We present and introduce to the management of projects of different types a model that considers the integration between traditional capital, natural capital and social capital.
In order to execute the integrative model and thus achieve the visibility of the strategic relationships between the various assets and values of the different forms of capital, it is essential to implement a reflective strategy that allows the incorporation of value considerations from various economic spheres and perspectives and social.
For this purpose, our model considers the inclusive development of relevant relationships between interest groups, in order to promote cooperation to achieve the best management, financing and knowledge development proces
A Case: Waste Management and Natural Capital
Waste management can have an impact on natural capital assets both in the supply chain, in the production chain, in the service chain, in the environmental and social impacts, as well as in the generation of new natural capital assets.
In our integrative model of natural capital, waste management must first be analyzed as part of a material or natural resource management system, taking into account the relevant relationships of such management with traditional capital and social capital.
The first general step is to establish a baseline of natural capital taking into consideration the corresponding industry standard. With this you can understand how natural capital is managed on average, and what their associated reductions are.
The second general step is to evaluate in a specific way how a change in material management -for example, through the use of new technology to treat waste- facilitates the increase in yield and recovery of natural capital.
In this context, natural capital may involve not only the corresponding materials but also other values or assets of natural capital that are directly related to such materials (eg associated ecosystem services), as well as other natural capital resources used in the traditional provision of waste (eg Landfill soils, corresponding greenhouse gases, expenses and associated costs, etc.).
Not only that, in our integrative model, when considering social capital, we must also take into account, for example, the community and social effects of such facilities, which can also be reflected in special valuations of natural capital.
The delineation of natural capital that results from the application of the integrative model -for example, in the analyzed case of “waste management” described in the previous section- can lead to various business models.

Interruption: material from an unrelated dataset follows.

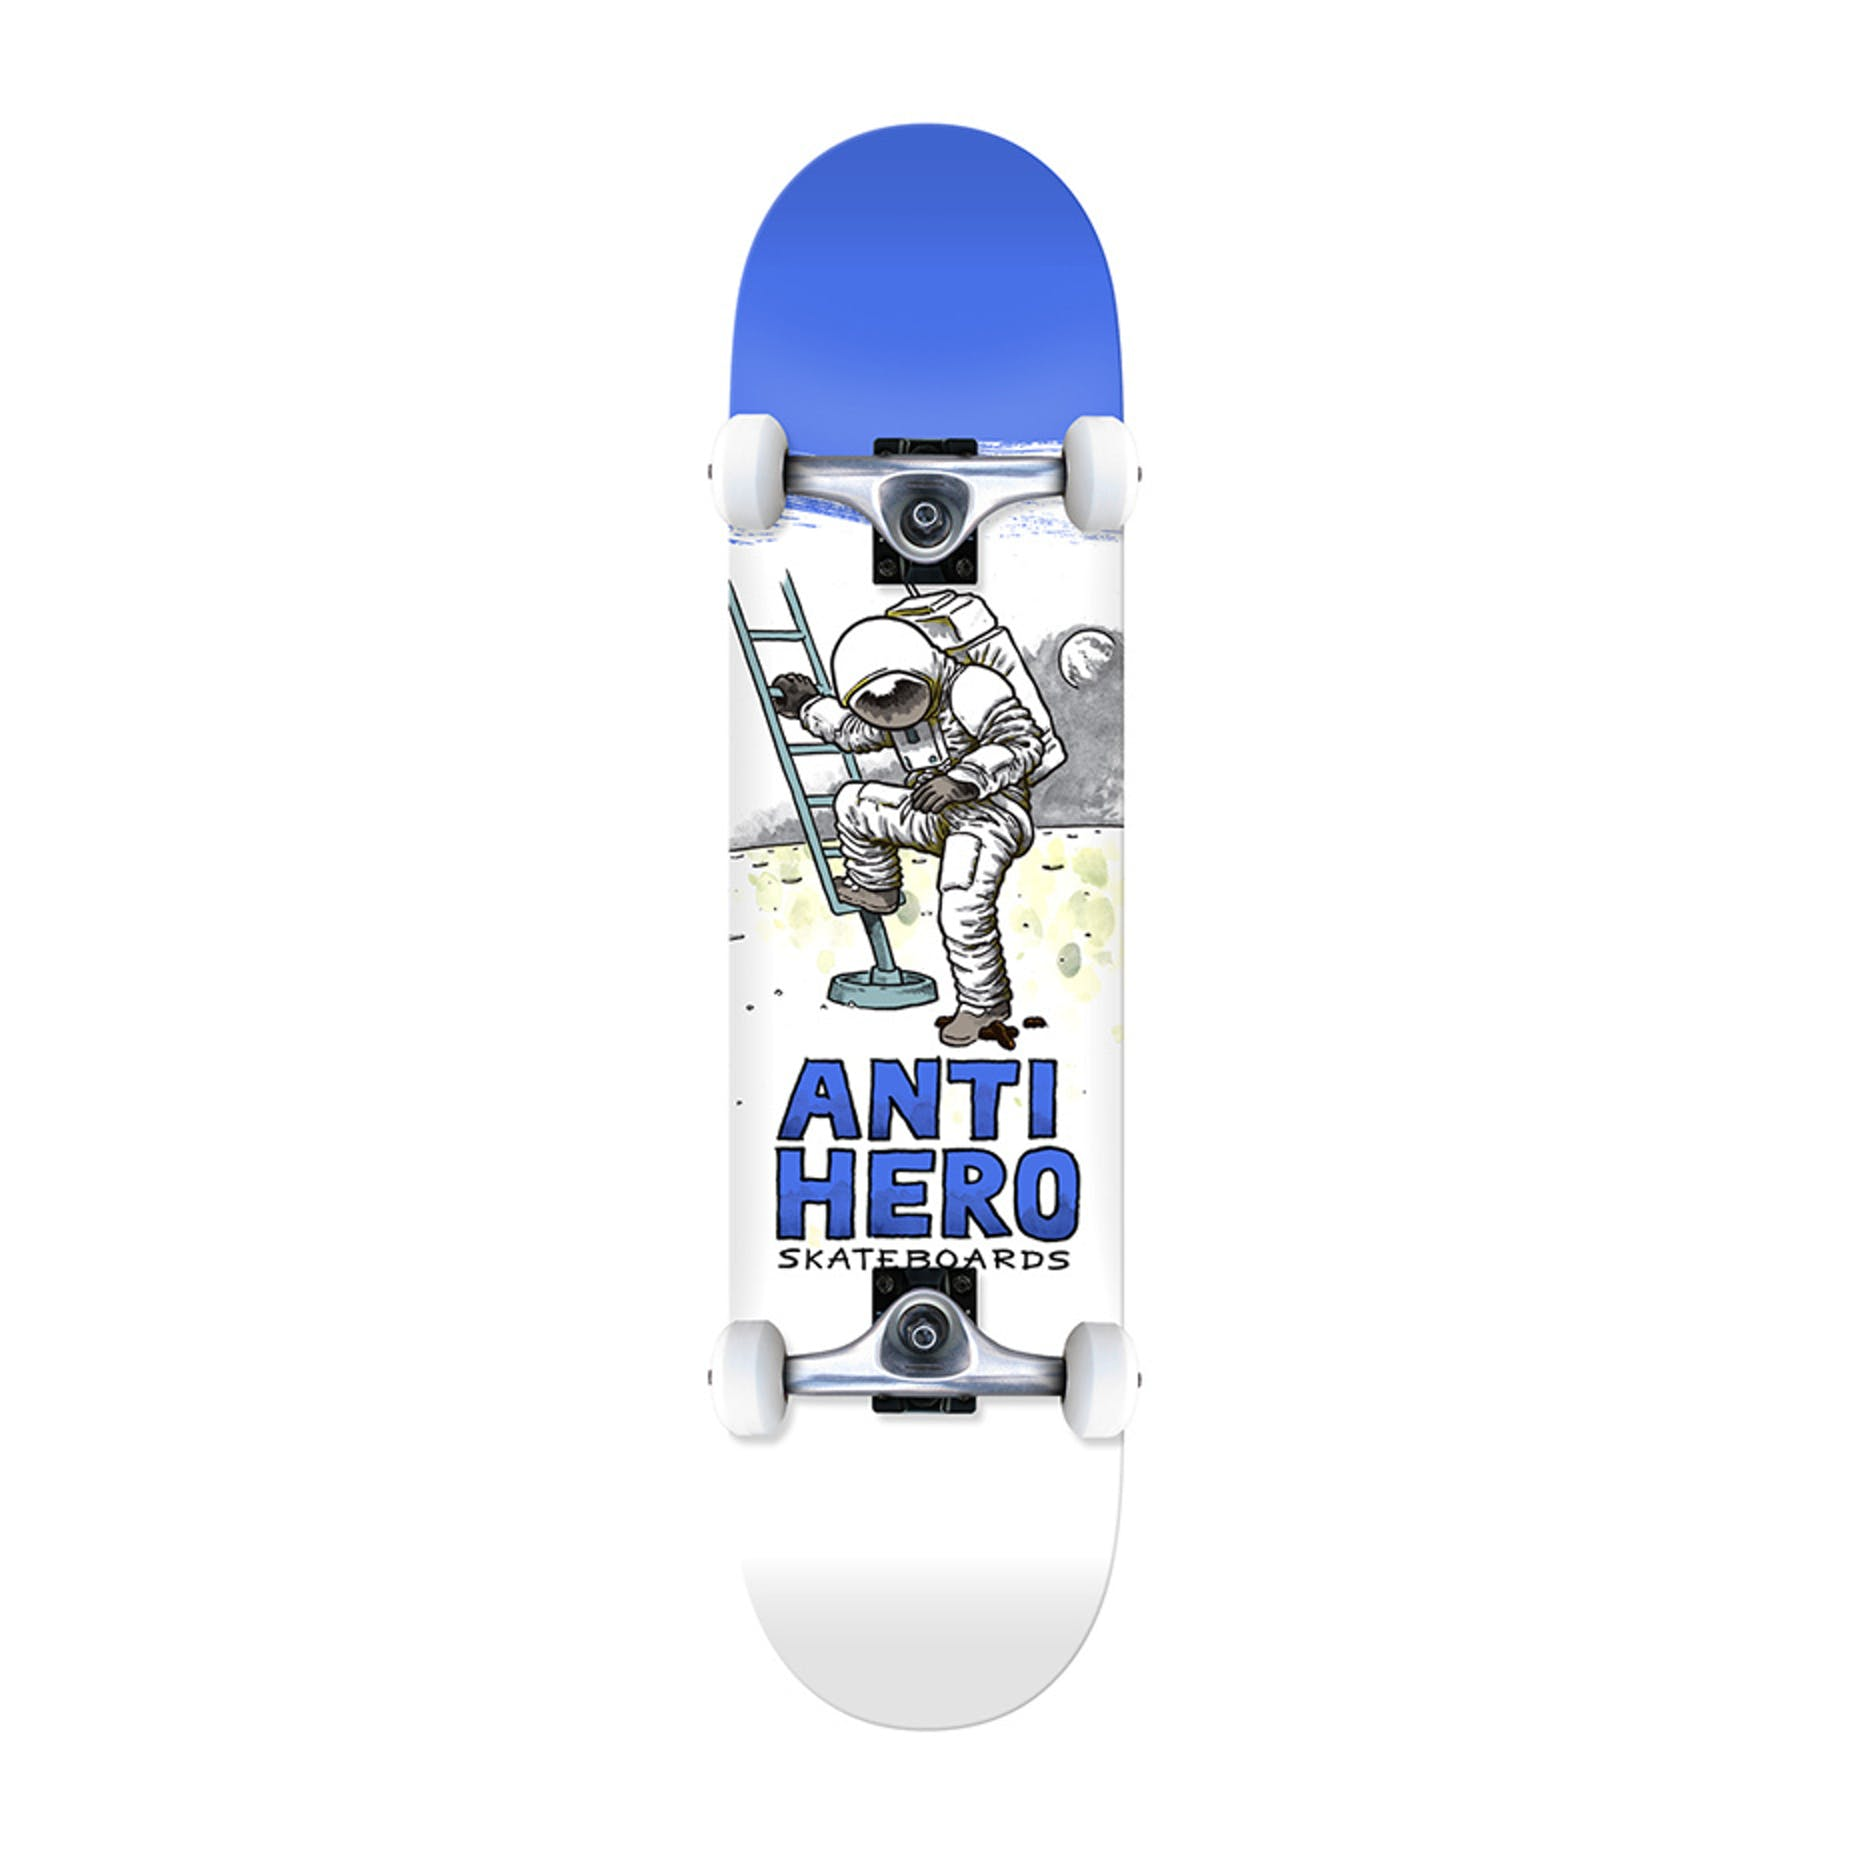 Antihero Moon Landing 775 Complete Skateboard Blue
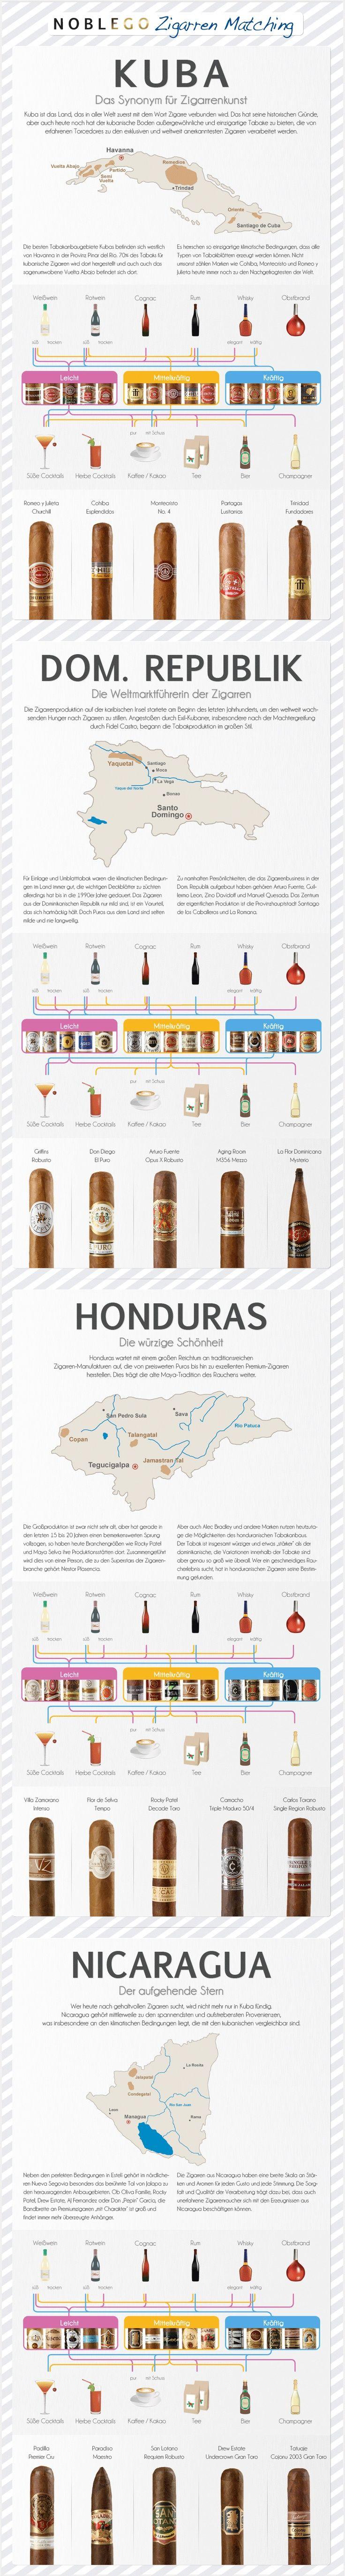 498 best cigars images on Pinterest

One) This natural capital can be directly activated by the final customer – whose waste is treated by the new technology – so that their accounting books – through environmental accounting of natural capital – begin to reflect such new assets. Once posted it becomes possible:
(a) financially relieve an accounting structure with natural capital;
(b) Relieve such financial activation at the stock listing level in special stock exchange indices for companies with natural capital (eg, Dowjones Sustainability Index, now also available in Santiago);
(c) reputationally relieving natural capital, associating it with a social responsibility management system;
(d) transact such assets with direct interested parties -first grade market-. (eg Co2, landscape, smells, etc);
(e) transact such assets with indirect stakeholders -market of the second degree- such as the market for compensation measures of the SEIA and the urban project road evaluation system.
Two) This natural capital can be activated by the provider of the technological solution, who could eventually generate economies of scale with respect to the same natural capital asset as the case may be;
Three) This natural capital may be subject to transactions with our platform of natural capital services (eg, adjusting part of the price of services by transfer of natural capital, or other intermediation models).